Capo I: Condizione Generale. Art. 1 “Il concetto di privatizzazione delle
imprese statali e locali” – “La privatizzazione delle imprese statali e locali, l’acquisizione da parte dei cittadini, da parte delle società per azioni presso i governi statali e locali di proprietà private, negozi, industrie, terreni, e altre divisioni di queste aziende, assegnate a imprese indipendenti; attrezzature, edifici, impianti, licenze, brevetti ed altre attività materiali e immateriali delle società liquidate e dei loro reparti; azioni dello Stato e dei governi locali nel capitale azionario di società; appartenenti ad imprese privatizzate, nel capitale di altre società per azioni, delle società, dei sindacati e di altre associazioni d’imprese.
In seguito la legge sulla privatizzazione della proprietà statale e locale è da intendersi su tutti gli elementi di proprietà riportati qui sopra.”
Tale legge, specifica inoltre nel dettaglio i metodi di cui ci si poteva avvalere per privatizzare le imprese statali e, inoltre, annuncia la creazione di un organo con il compito di supervisionare tali processi di privatizzazione, denominato
Goskomimushestvo (GKI), ovvero “Comitato per le proprietà statali della Russia”.
Il programma di privatizzazione si basava a grandi linee sulla trasformazione delle imprese statali in società per azioni, di cui una parte delle azioni veniva assegnata ai lavoratori dell’impresa mentre un’altra parte sarebbe stata venduta tramite delle vere e proprie aste, in cui tutti i partecipanti all’asta potevano fare delle offerte tramite i buoni distribuiti precedentemente alla popolazione.

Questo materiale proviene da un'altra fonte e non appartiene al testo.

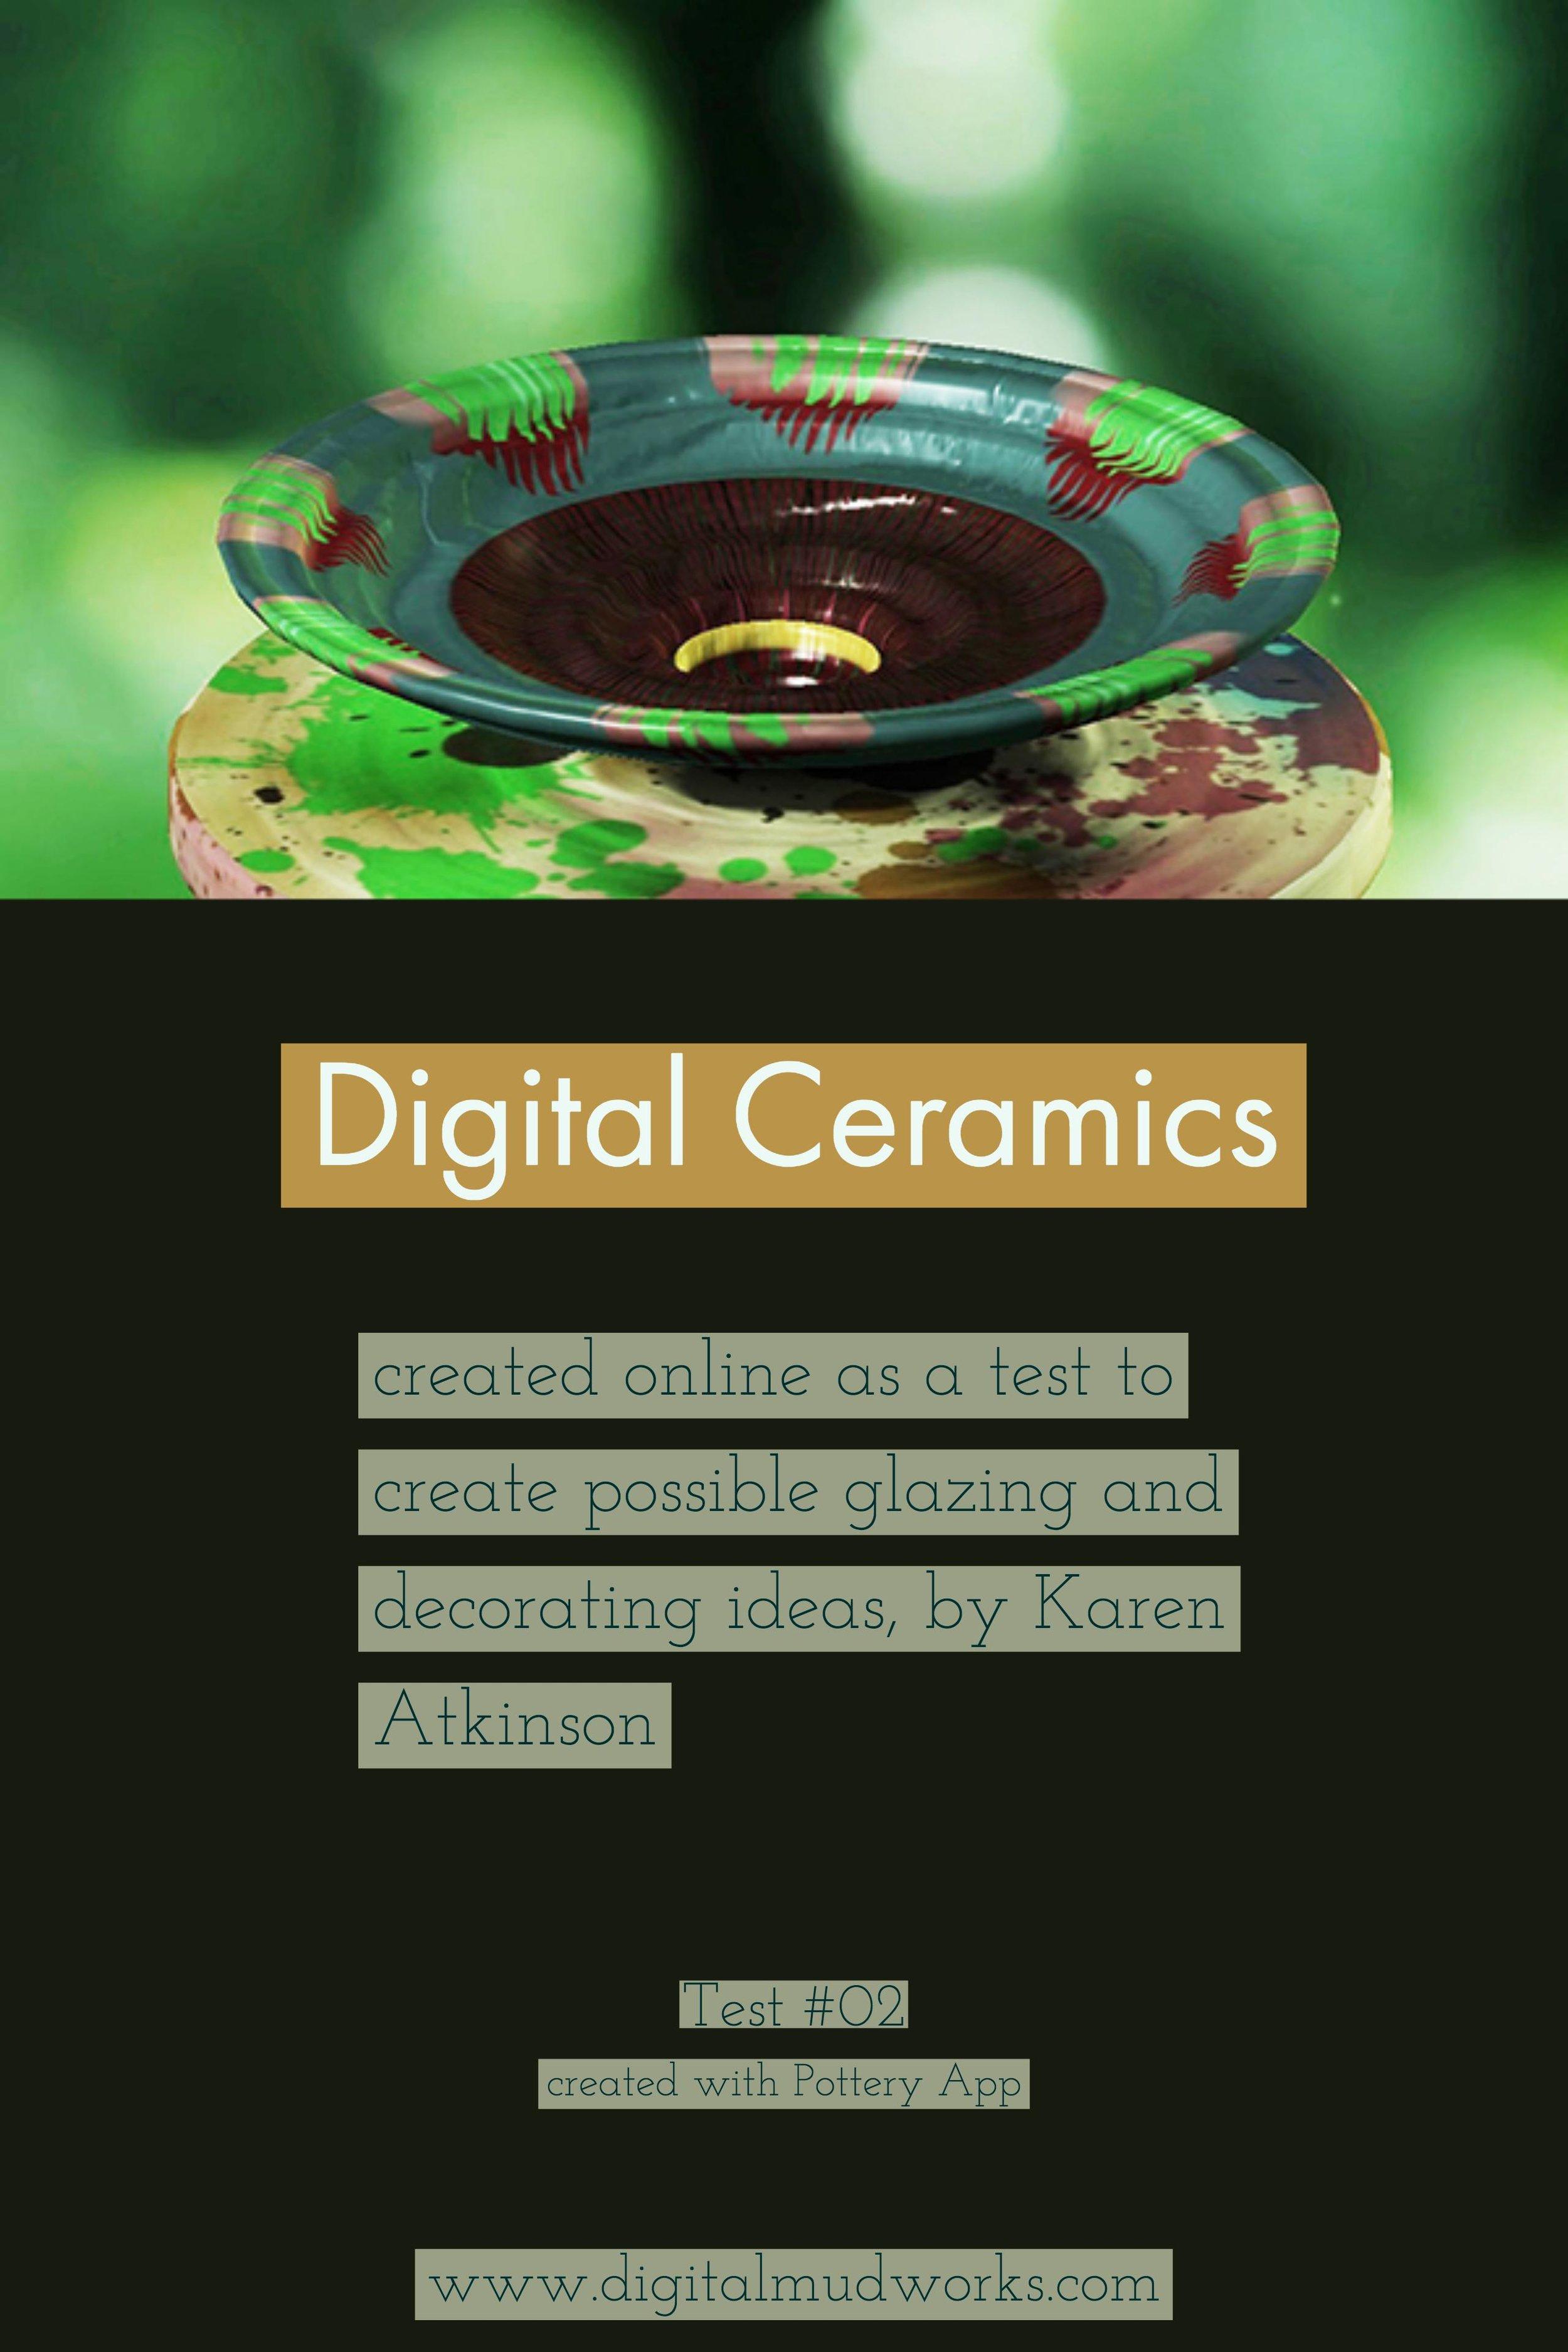 Digital Ceramics Test 02, using a computer app to do glaze and design tests. by Karen Atkinson

La scelta di procedere alla privatizzazione tramite buoni come avevano fatto precedentemente Cecoslovacchia e Polonia, anche se con delle differenze, era principalmente dettata dalla volontà di assicurarsi il supporto della popolazione.
Le trasformazioni delle imprese statali in società per azioni, compito che spettava al GKI, non fu ovviamente facile in quanto nessuno era in grado di stimare il valore di una determinata impresa sul mercato, dato che un mercato non esisteva ancora e quindi il valore fu approssimato in base a delle statistiche.
Per quanto riguardava i buoni, ovvero, la quota del patrimonio di una determinata impresa statale sottoposta al processo di privatizzazione, venivano assegnati a tutti i cittadini russi nati prima del 1992, inclusi i bambini. I buoni avevano un valore nominale pari a 10.000 rubli e venivano assegnati in cambio di una somma di denaro pari a 25 rubli. Scopo dei buoni, oltre che coprire almeno in parte i costi amministrativi dell’emissione e della distribuzione degli stessi, era il loro utilizzo alle
aste organizzate dal GKI per ottenere in cambio quote delle imprese statali o locali che con l’asta si stavano privatizzando.
In soli due anni, dal 1992 al 1994, la Russia riuscì nell’impresa della privatizzazione portando il settore privato, prima inesistente, a ricoprire l’80% dell’economia. In realtà, però, tutto questo avvenne in un modo quasi mai chiaro e corretto. La scarsa informazione aveva reso le aste un affare per pochi, caratterizzate da frodi di vario tipo, che si tenevano in luoghi e ad orari spesso non pubblicizzati per impedire l’accesso della popolazione. Questo generò un diffuso malcontento popolare in quanto si sostituì la vecchia classe della cosiddetta nomenklatura89, non tanto con una nuova classe imprenditoriale che avrebbe guidato le nuove imprese nel mercato economico – come la propaganda del programma di privatizzazione aveva assicurato – ma con la formazione di un ristretto gruppo elitario ovvero gli oligarchi che andarono ad acquisire il controllo in svariati settori chiave dell’economia russa.